Source Vaccine 29 (2011)40. - ISSN 0264-410X - p. 6976 - 6985.
DOI http://dx.doi.org/10.1016/j.vaccine.2011.07.037
Department(s) Bioprocess Engineering
CVI Virology
Publication type Refereed Article in a scientific journal
Publication year 2011
Keyword(s) protein induces apoptosis - airway epithelial-cells - a virus - gene-expression - infected-cells - interferon - vaccine - rna - systems - ability
Abstract Influenza A viruses lacking the gene encoding the non-structural NS1 protein (delNS1) have potential use as live attenuated vaccines.
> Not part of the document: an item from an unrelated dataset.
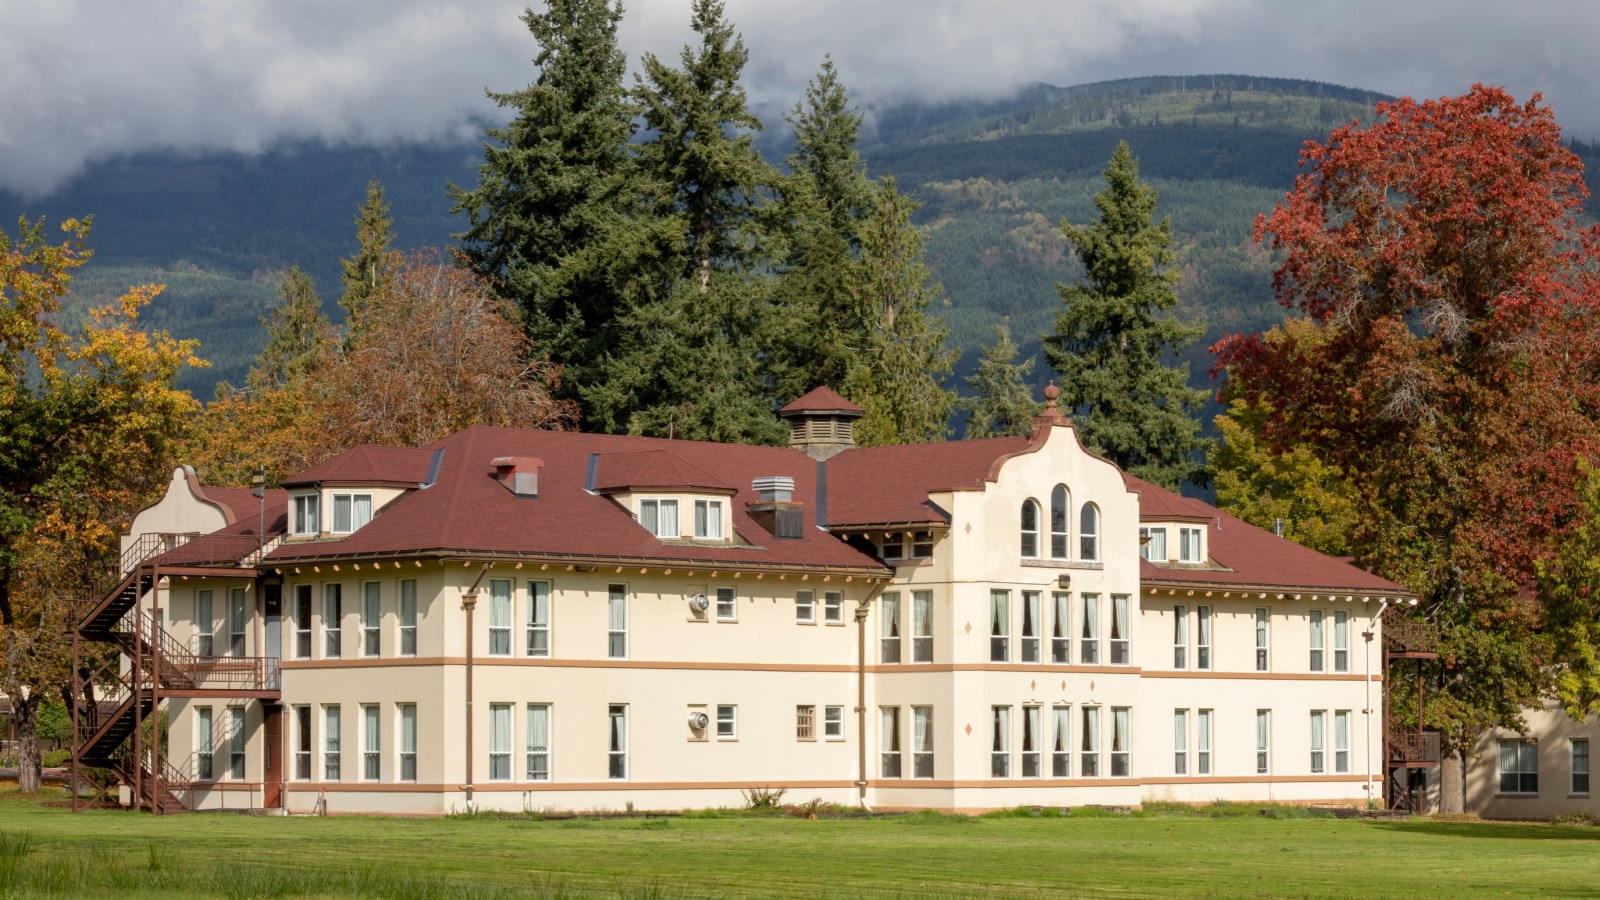 Haunted Mental Hospital at Northern State, Washington
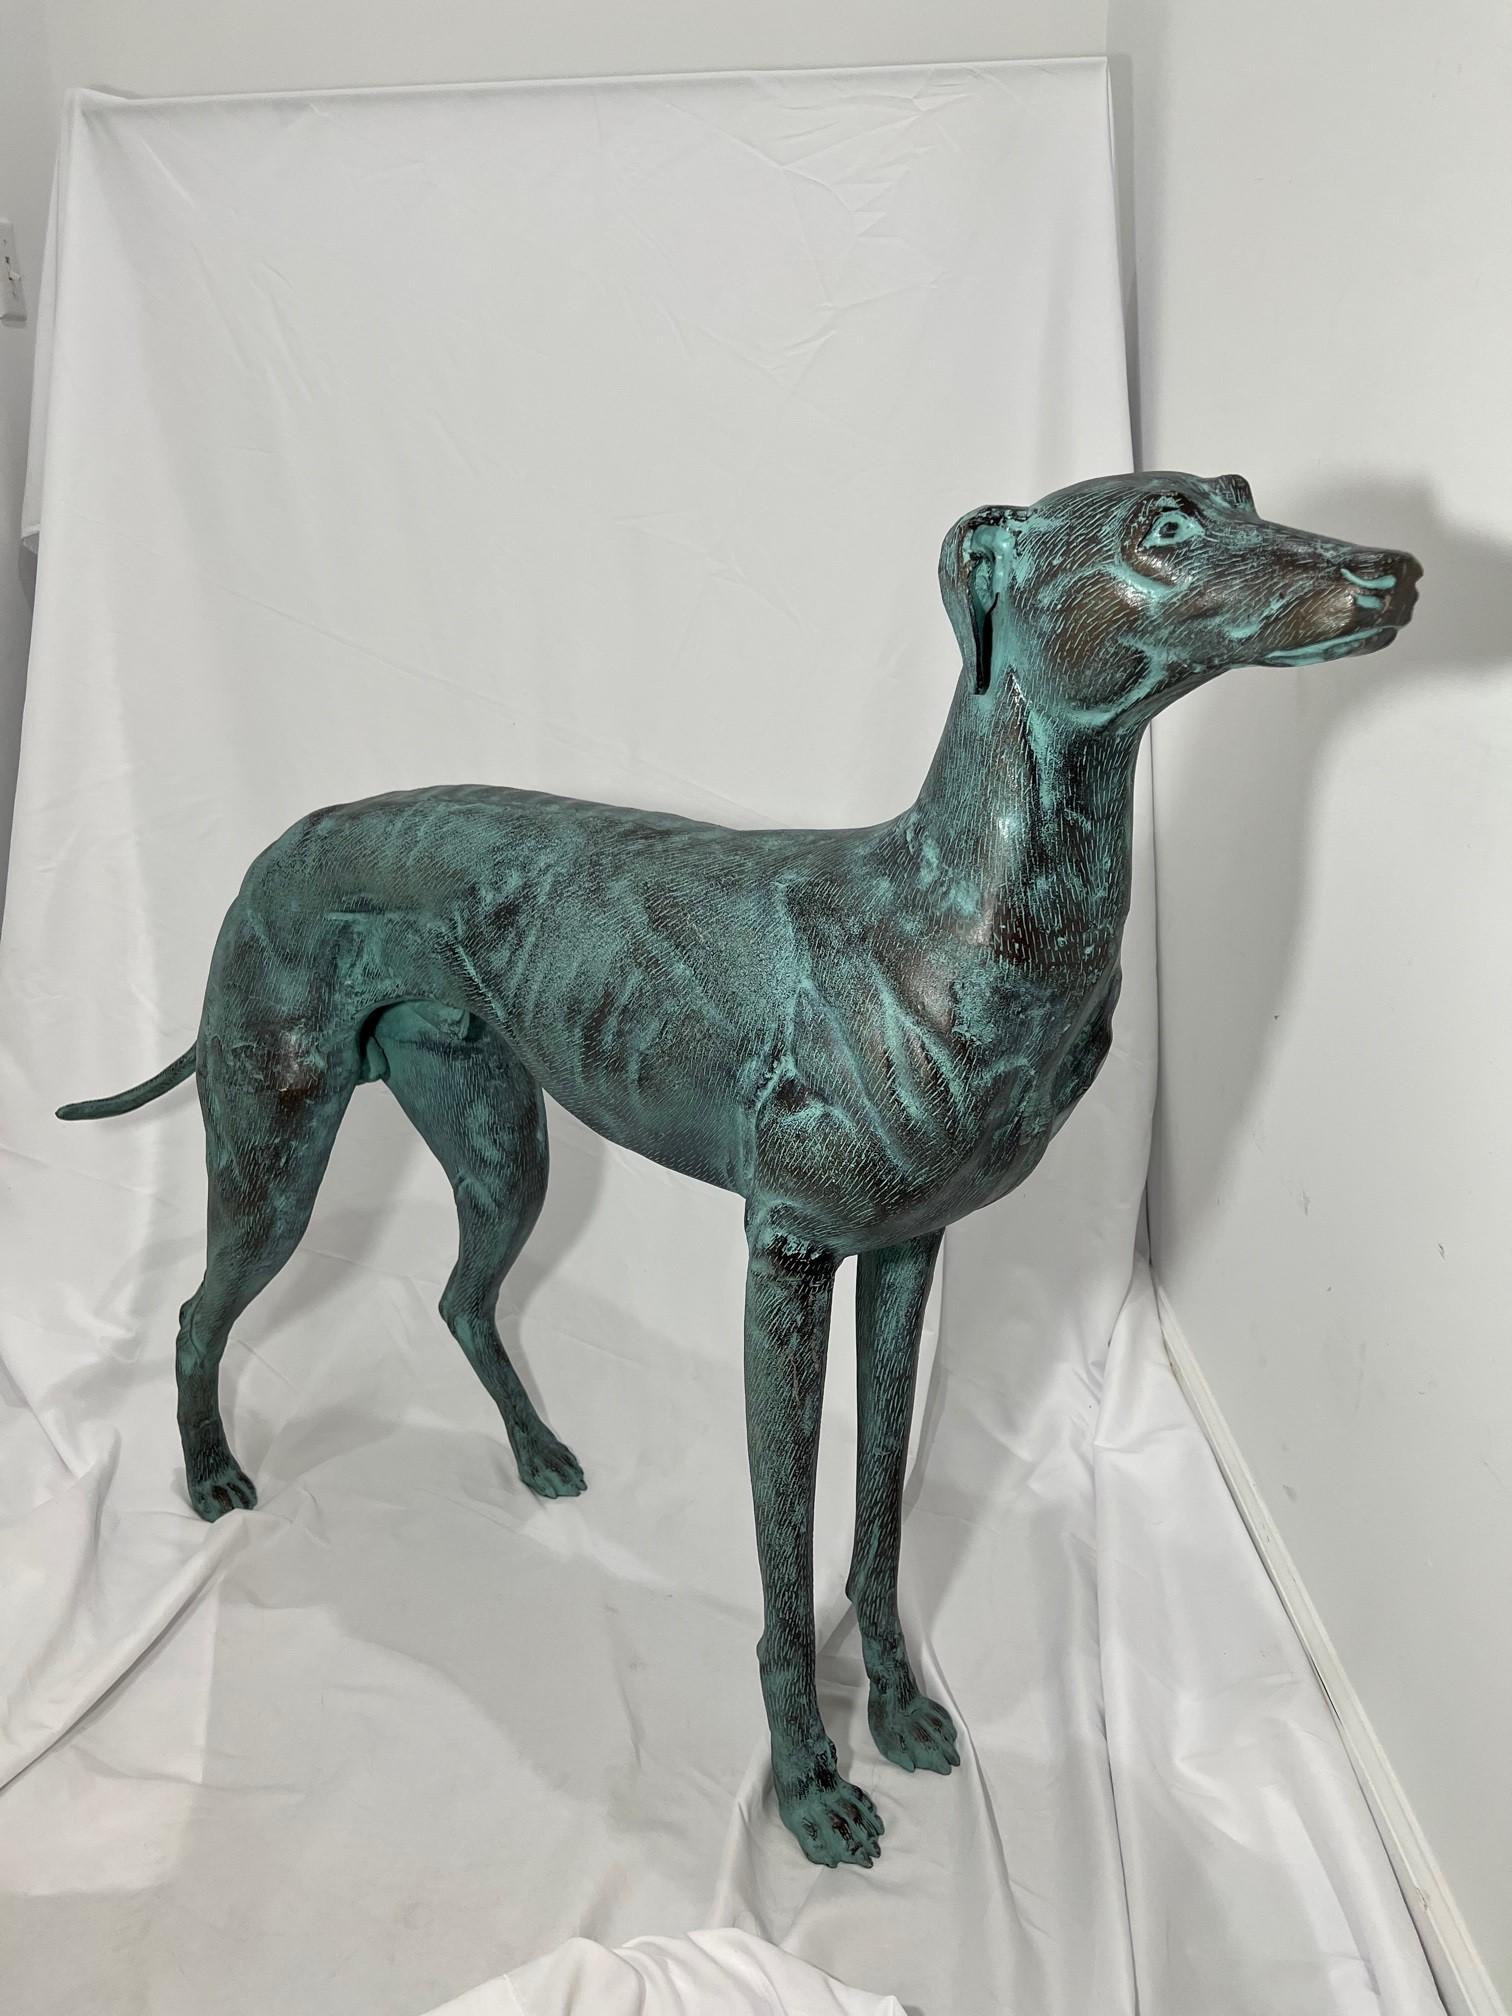 Gorgeous Paar elegante Bronze Windhund Hund Statuen Lebensgröße in sehr gutem Zustand. Sie haben eine schöne bläulich-grüne Oberfläche und würden in jedem Haus oder Garten spektakulär aussehen. Ich habe zwei identische Windhund-Statuen zur

However, due to the lack of NS1, virus replication in cell culture is considerably reduced, prohibiting commercial vaccine production. We therefore established two stable MDCK cell lines that show inducible expression of the allele B NS1 protein. Upon induction, both cell lines expressed NS1 to about 1000-fold lower levels than influenza virus-infected cells. Nevertheless, expression of NS1 increased delNS1 virus titres to levels comparable to those obtained with an isogenic virus strain containing an intact NS1 gene. Recombinant NS1 expression increased the infectious virus titres 244 to 544-fold and inhibited virus induced apoptosis. However, NS1 expression resulted in only slightly, statistically not significant, reduced levels of interferon-ß production. Thus, the low amount of recombinant NS1 is sufficient to restore delNS1 virus replication in MDCK cells, but it remains unclear whether this occurs in an interferon dependent manner. In contrast to previous findings, recombinant NS1 expression did not induce apoptosis, nor did it affect cell growth. These cell lines thus show potential to improve the yield of delNS1 virus for vaccine production.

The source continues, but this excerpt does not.